• Given records:

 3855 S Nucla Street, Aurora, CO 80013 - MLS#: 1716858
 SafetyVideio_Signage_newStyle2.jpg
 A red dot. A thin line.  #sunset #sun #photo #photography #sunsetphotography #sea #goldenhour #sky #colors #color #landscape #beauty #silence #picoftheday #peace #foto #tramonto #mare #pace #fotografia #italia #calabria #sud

==

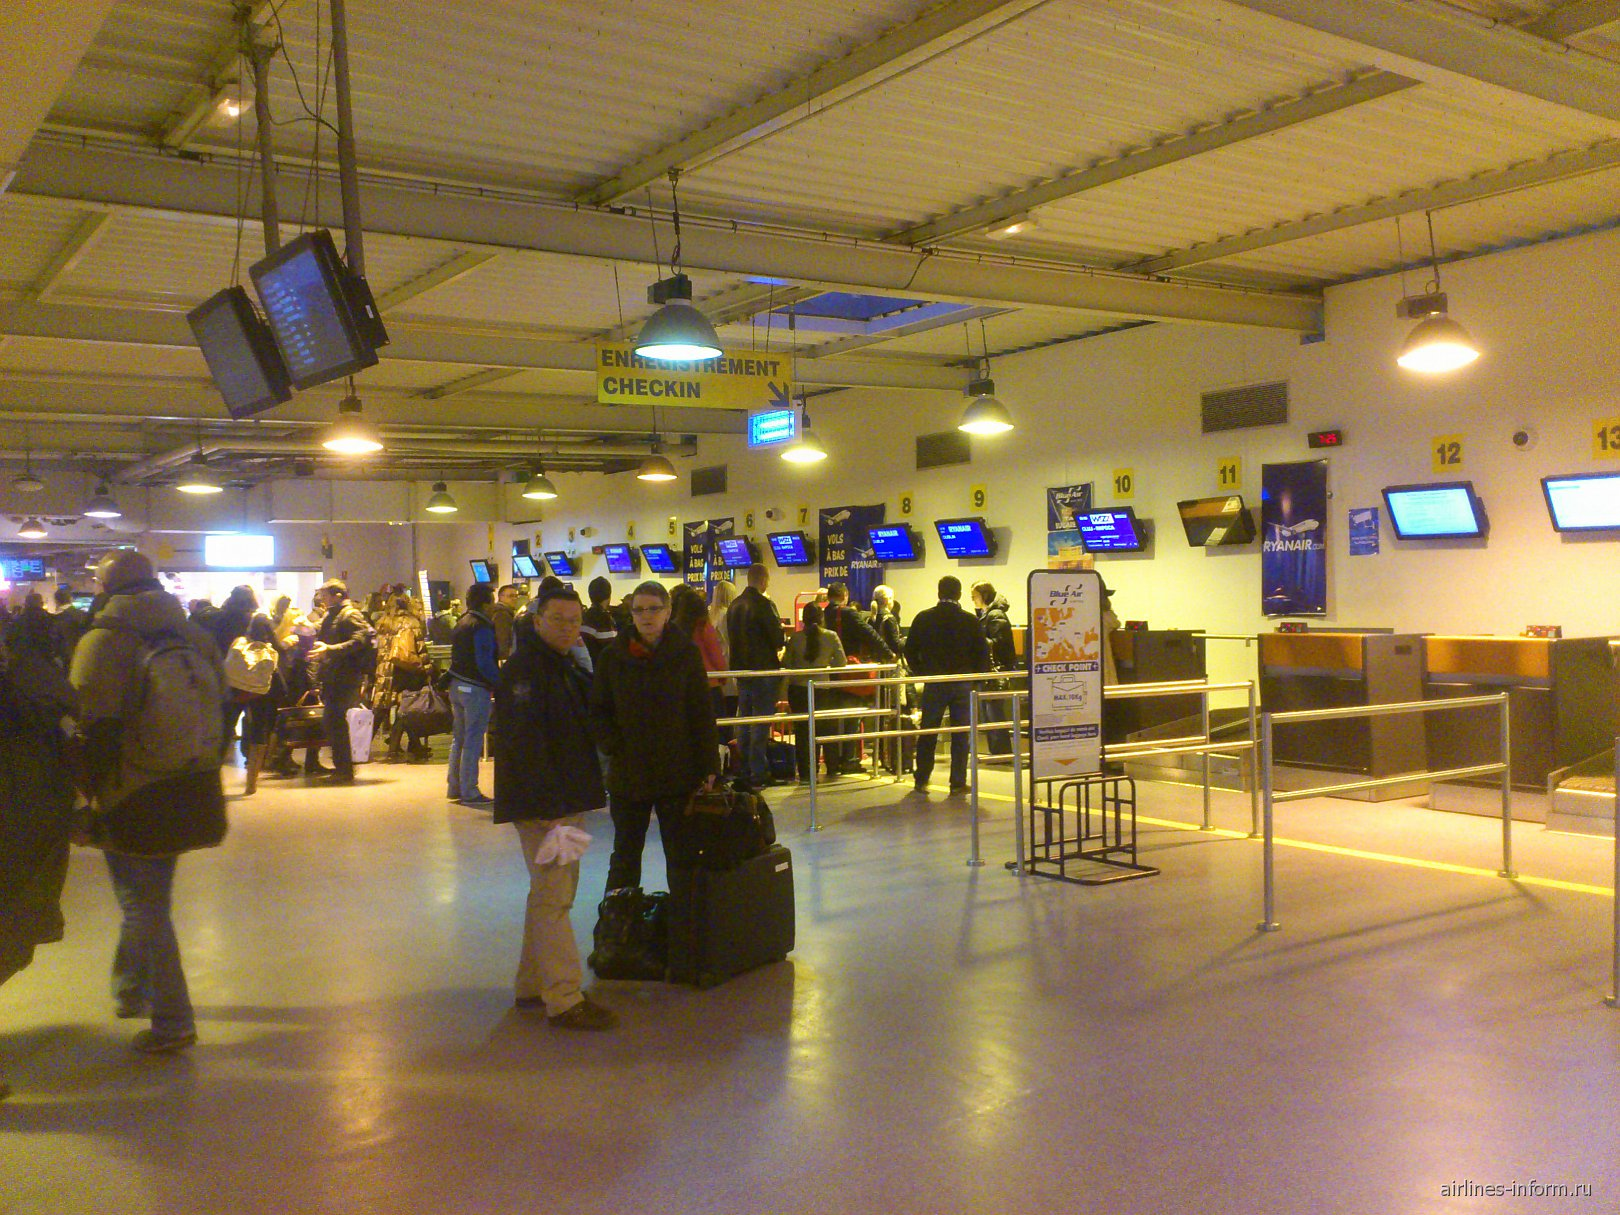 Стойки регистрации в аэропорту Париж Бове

--

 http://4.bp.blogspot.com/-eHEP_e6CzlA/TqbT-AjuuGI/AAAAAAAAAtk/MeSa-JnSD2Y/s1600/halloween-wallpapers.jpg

• Problem to work on:
From the records above, print exactly the lines that run from the line with "3855 S Nucla" to the line with "A red dot. A", inclusive.

• Response to the exercise:
 3855 S Nucla Street, Aurora, CO 80013 - MLS#: 1716858
 SafetyVideio_Signage_newStyle2.jpg
 A red dot. A thin line.  #sunset #sun #photo #photography #sunsetphotography #sea #goldenhour #sky #colors #color #landscape #beauty #silence #picoftheday #peace #foto #tramonto #mare #pace #fotografia #italia #calabria #sud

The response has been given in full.